I, the polymorphous perverse subculture vulture known as Kate Rigg, am getting too old to remember my own sordid and trashy stories. I'm blogging so that my future self can be a voyeur into my own voyeuristic dips into culture. Kulturefuk math: Gumption=access, I may not last long on this tasting spree in the world of kulturefuk, but for now, as they say at a vogueing competition: It's ON.

Thursday, November 01, 2007

LA Lesbians and Kato Kaelin as Jesus

Last night i randomly ended up on the set of the L word on one of their last days of shooting. They were doing a party scene so a lot of the series regulars were there and I have to tell you that not unlike actual real L.A. Lezzes, the cast of the show was pretty slammin in their cocktail dresses and stilettos. Jennifer Beals is totally rad in person. I of course skulked in the background despite my on set friend saying "Like, Just go up to them and be like HI YOU DONT KNOW ME BUT I AM A BIG FAN OF YOUR WORK" I almost did it just so I could bask in the lameness of that kind of moment. And if I wasnt kinda working in this dumb ass town I totally would have. And taken a cell phone picture. And asked them to autograph a napkin or something equally tacky. I wonder why Tv lesbians wear wayyyyyy better clothes than real ones. Even the hot ones. Seriously. There are barely any label whoring lesbians. Although I had a nice guess the designer moment with creator director Ilene Chaiken's boots (PRADA, I guessed Cole Hahn.) I realize this document lacks my usual social commentary, but seriously visiting the set of a show is super boring. I mean really really boring. Did I mention the boredom? You can only stare at monitors that dont belong to you for so long.

The second installment of lala lesbian sighting came today at my gym where WorkOut pseudo celeb trainer Jackie Warner was apparently working on her shoulders and chest. Delts? Traps? whatever. A bitch was in a shame spiral on the reclining bike watching Jackie fuckin work those lean muscles and hoping she would not look anywhere near where said embarassed and fat bitch was sweating to the oldies wondering if it will ever actually make a dent in the cookie and cake pillow i have decided to moat myself in with.

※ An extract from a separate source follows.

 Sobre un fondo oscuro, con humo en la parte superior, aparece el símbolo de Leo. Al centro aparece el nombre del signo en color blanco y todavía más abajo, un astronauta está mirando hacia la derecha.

She was dressed like a hot guy, baggy abercrombie shorts, cool t shirt, cool running shoes, cool gym bag. Pretty face but the rest was like a swaggering cute guy who may have played lacrosse in college and had a ton of girlfriends swooning when he played guitar. Oh the andgrogynous enigma. In any other town she would have faded like a person you call "that guy over there" but with the amount of hair product she was rockin, the perfect arch of threaded eyebrows, the very expensive casual look she had on her, it was def another hot l.a. lesbian sighting.

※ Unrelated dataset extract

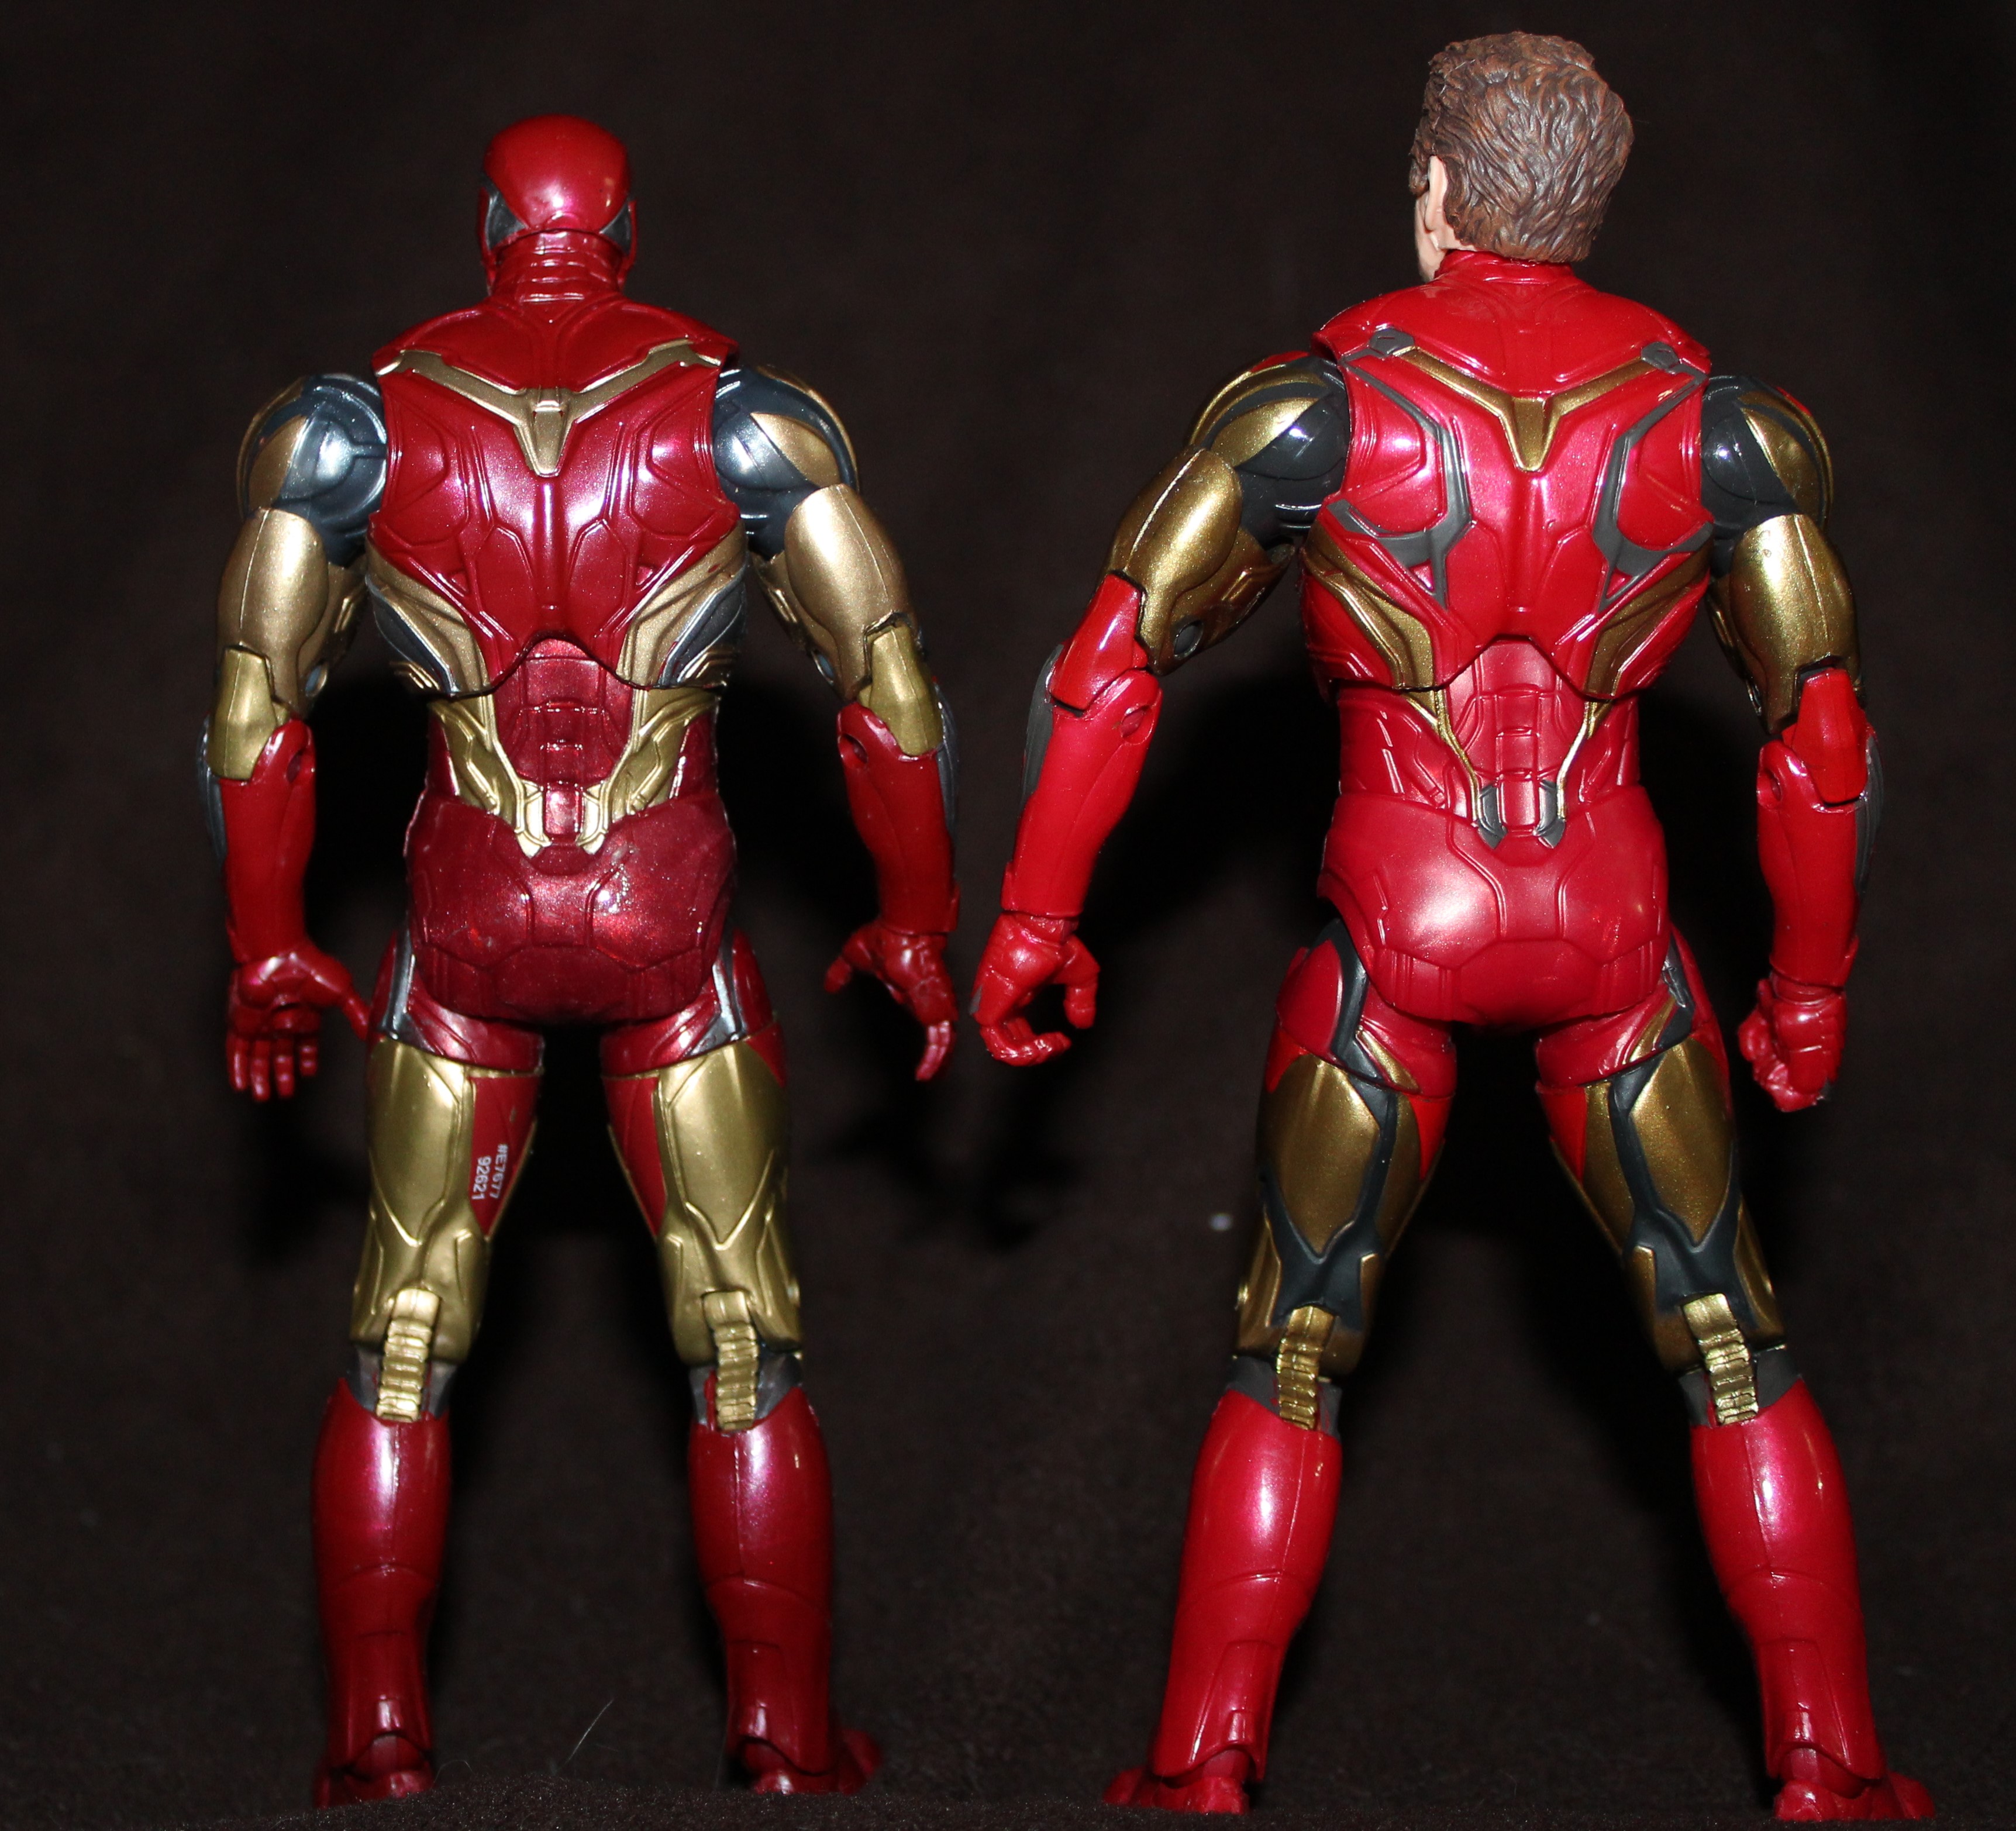 Iron Man rears

And to cap the day, I was playing a born again christian, a very zealous one with a very wet lisp, in Hollywood Hellhouse: a recreation of the christian youth group hellhouses that pop up on halloween in towns across america where dancing is still only semi legal and pro choice rallys are bombed and gay people are called "the queers" (which in academic circles is a compliment-- but in those towns most people dont read. Or at least past high school they dont read anything but labels. And yes I do mean that in two ways.) Anyhoo, the hellhouse is a freaky haunted house depicting scenes of SIN like a harry potter game which incites a young man to murder his sister. A rave which ends in a date rape. A slumber party which incites girl on girl kissing.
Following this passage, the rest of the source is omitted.